→ **TASK BRIEF**: For the records below, copy exactly the span that begins at the line containing "複合白鳥保有者京都小町<抹茶美人>マチャビューティー フェイシャル トリートメント" and stops after the line containing "Es ist leicht", minus any pictures.

→ **SUPPLIED DATA**:
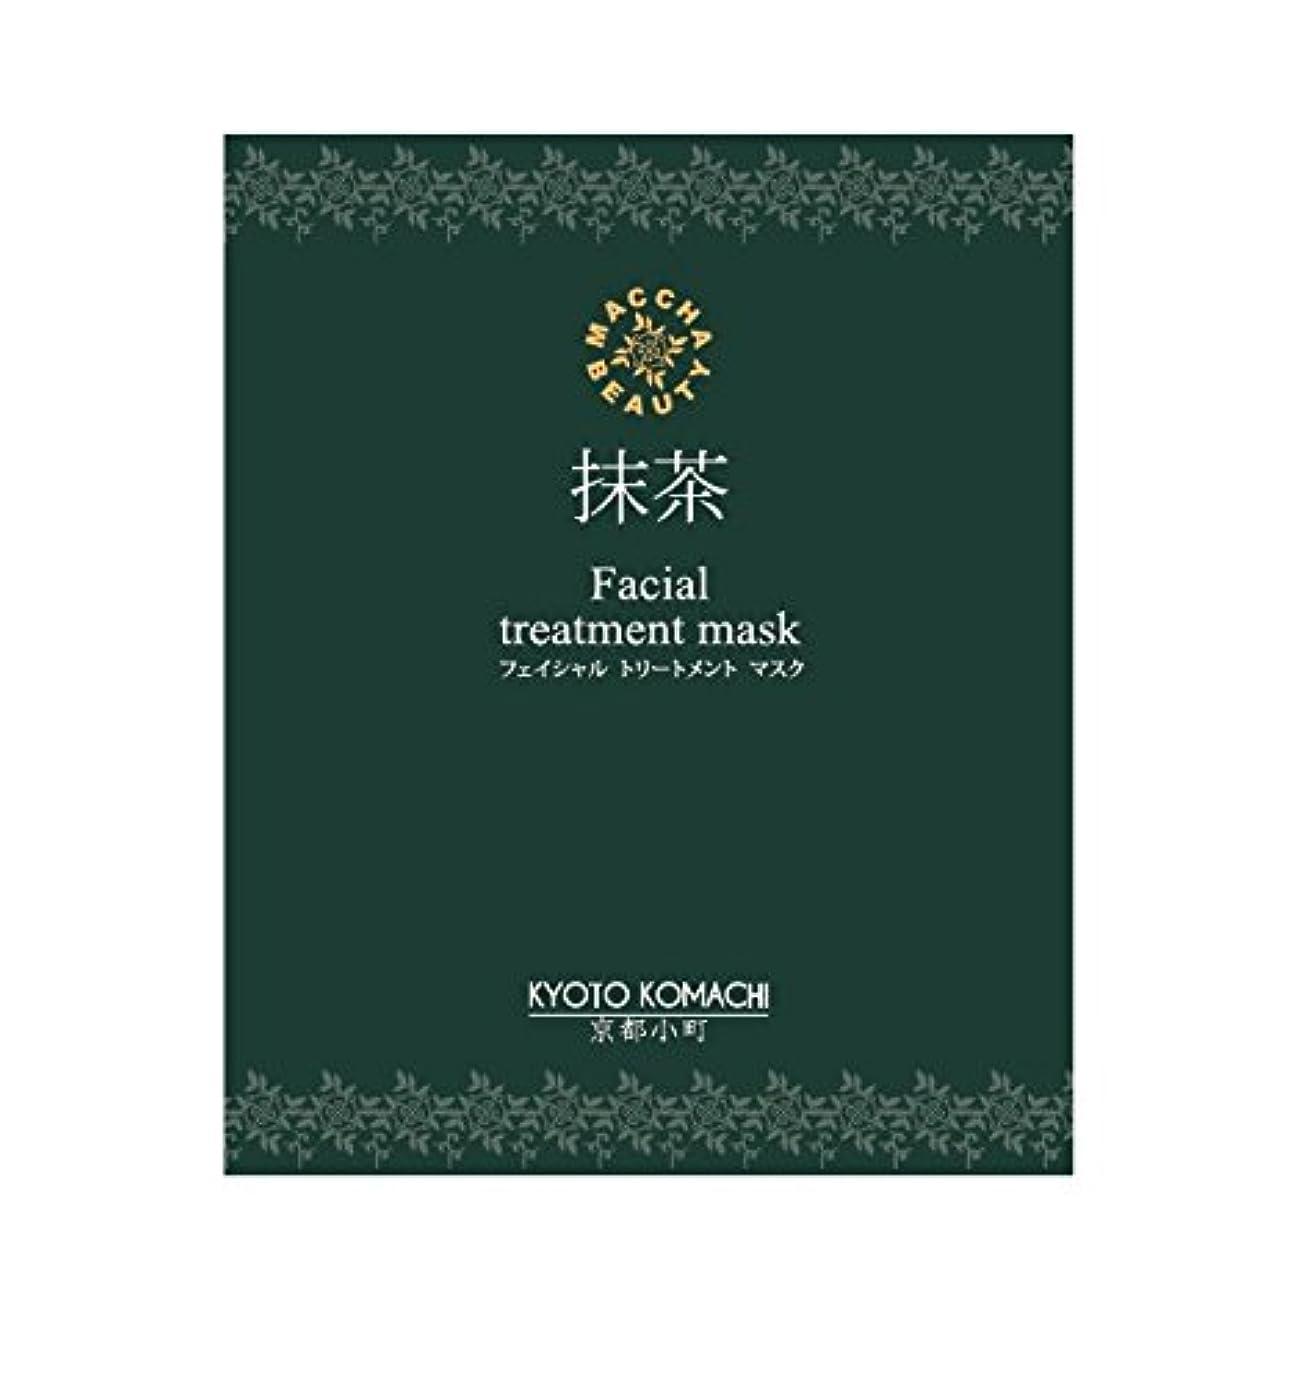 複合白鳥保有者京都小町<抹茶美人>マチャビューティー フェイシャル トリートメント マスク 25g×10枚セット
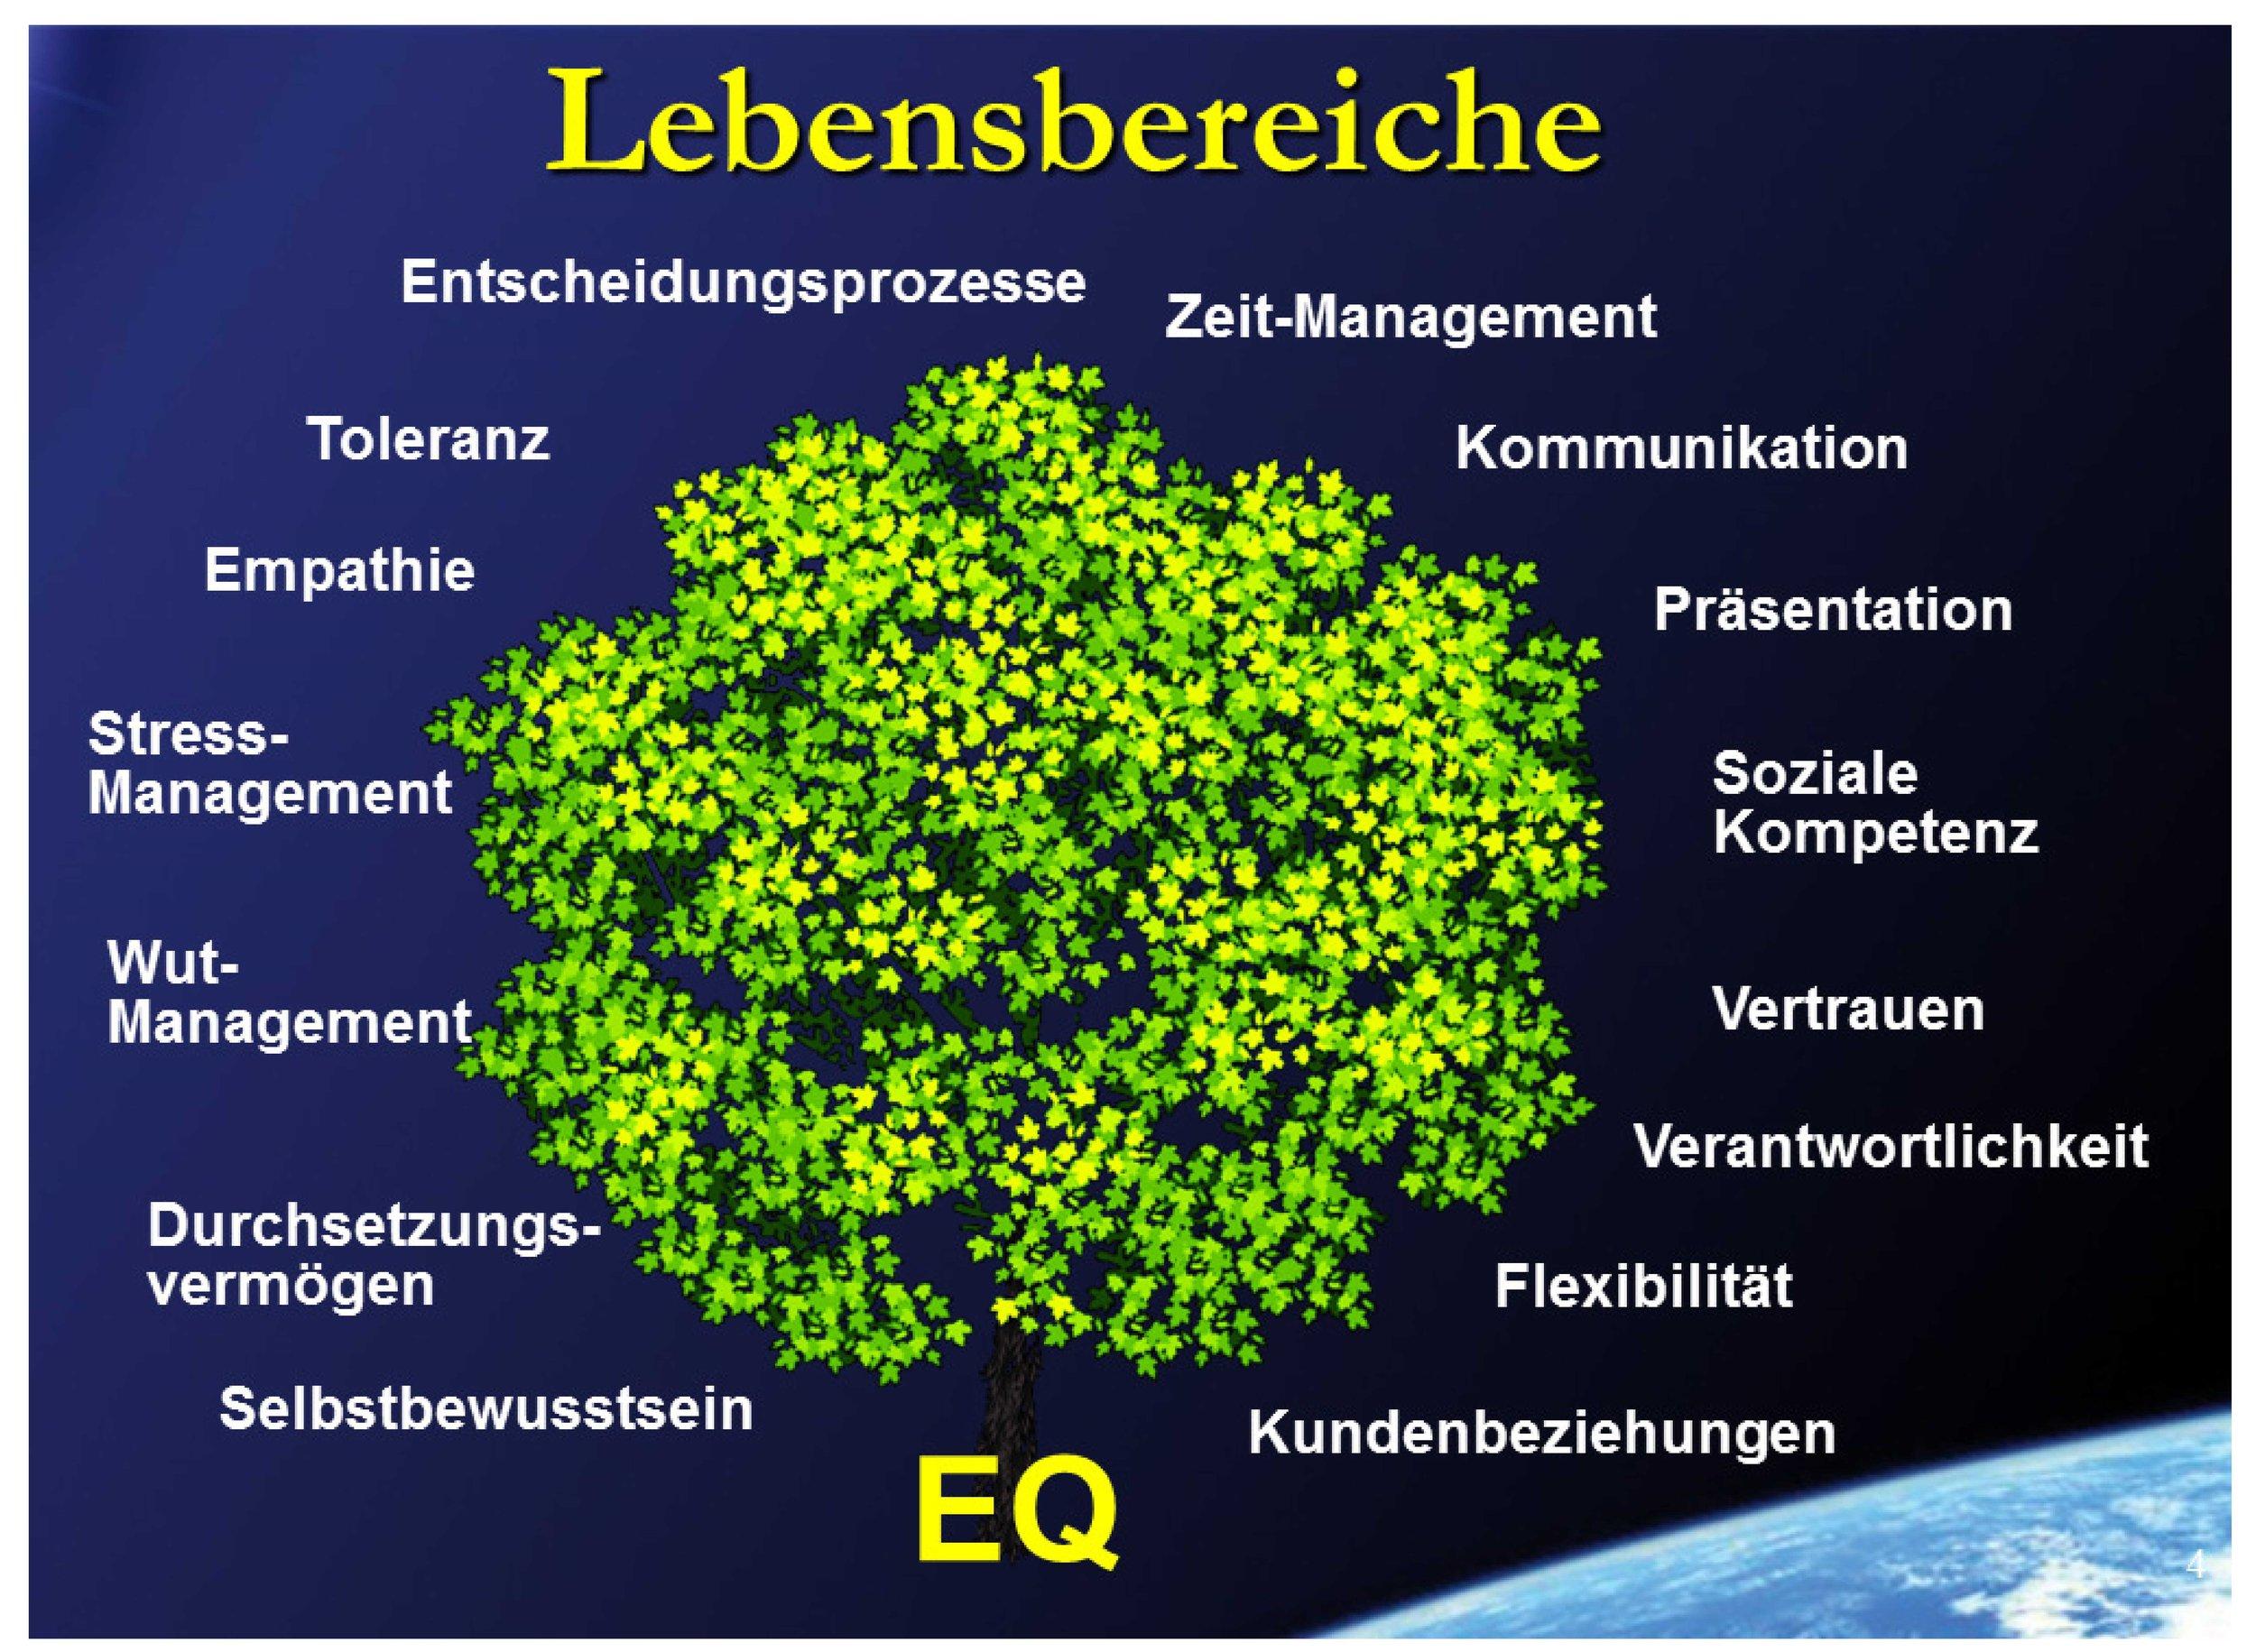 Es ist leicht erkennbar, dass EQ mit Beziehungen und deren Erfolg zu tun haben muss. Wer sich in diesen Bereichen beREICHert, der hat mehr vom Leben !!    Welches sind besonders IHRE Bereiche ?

---

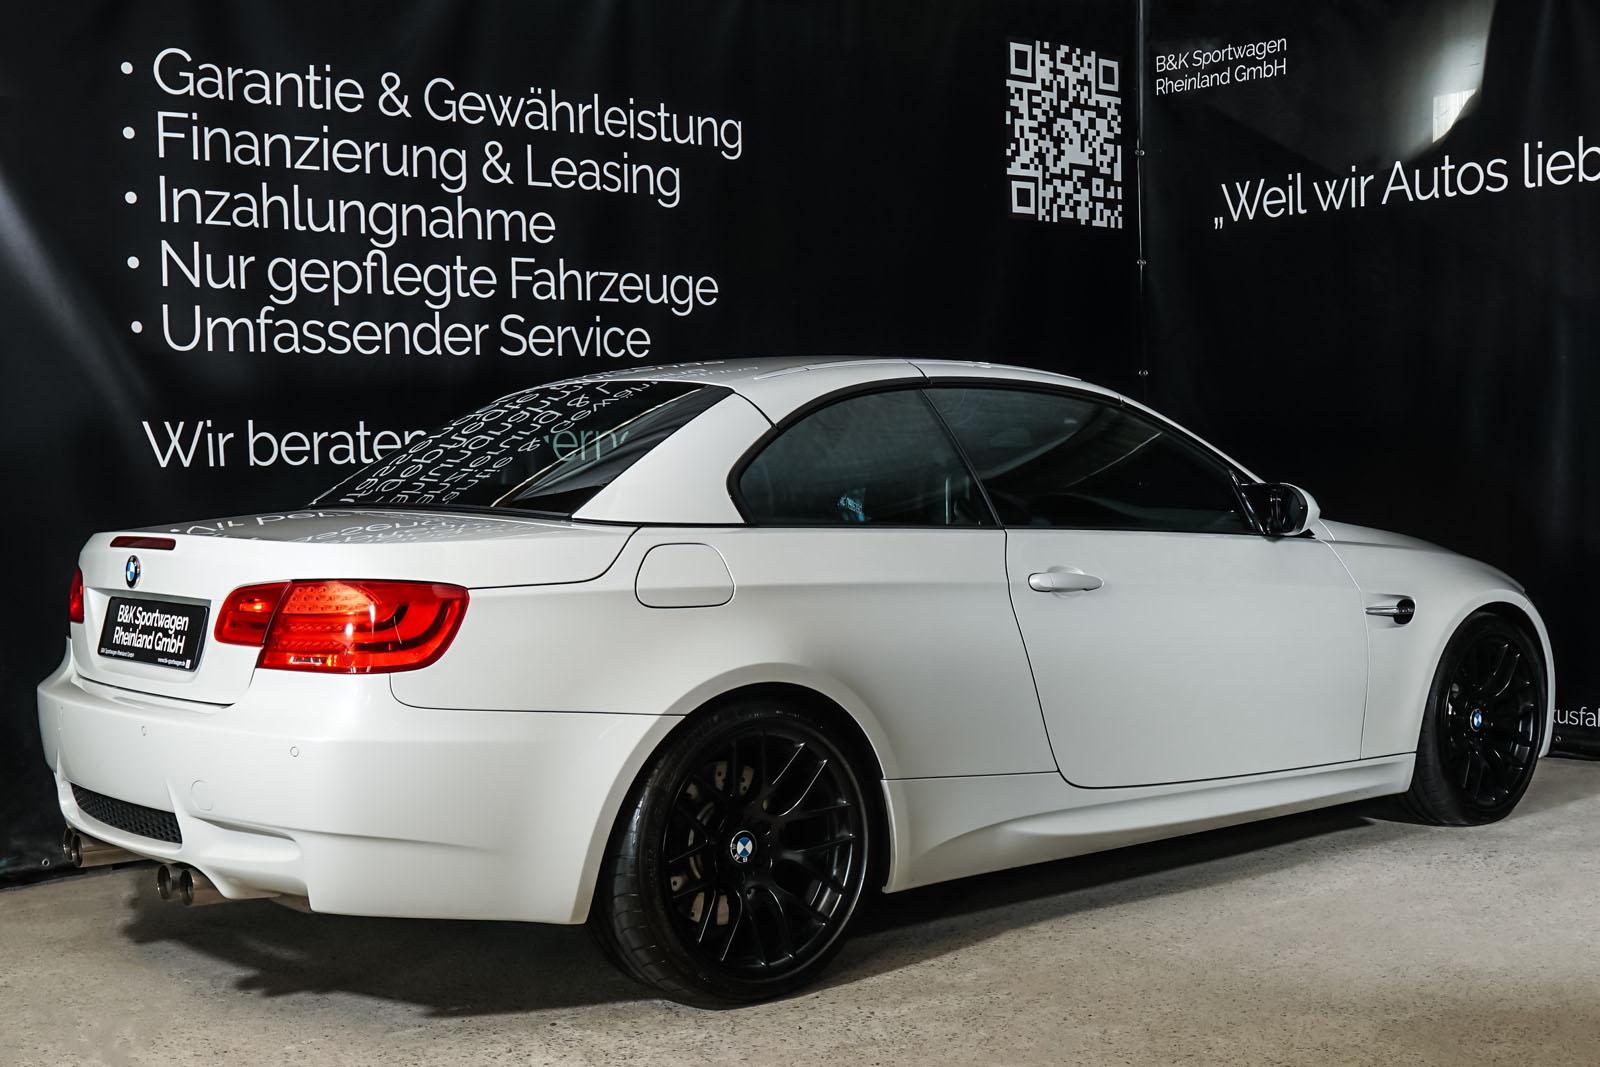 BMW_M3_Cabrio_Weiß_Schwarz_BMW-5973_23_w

→ **PROBLEM SOLUTION**:
 複合白鳥保有者京都小町<抹茶美人>マチャビューティー フェイシャル トリートメント マスク 25g×10枚セット
 Es ist leicht erkennbar, dass EQ mit Beziehungen und deren Erfolg zu tun haben muss. Wer sich in diesen Bereichen beREICHert, der hat mehr vom Leben !!    Welches sind besonders IHRE Bereiche ?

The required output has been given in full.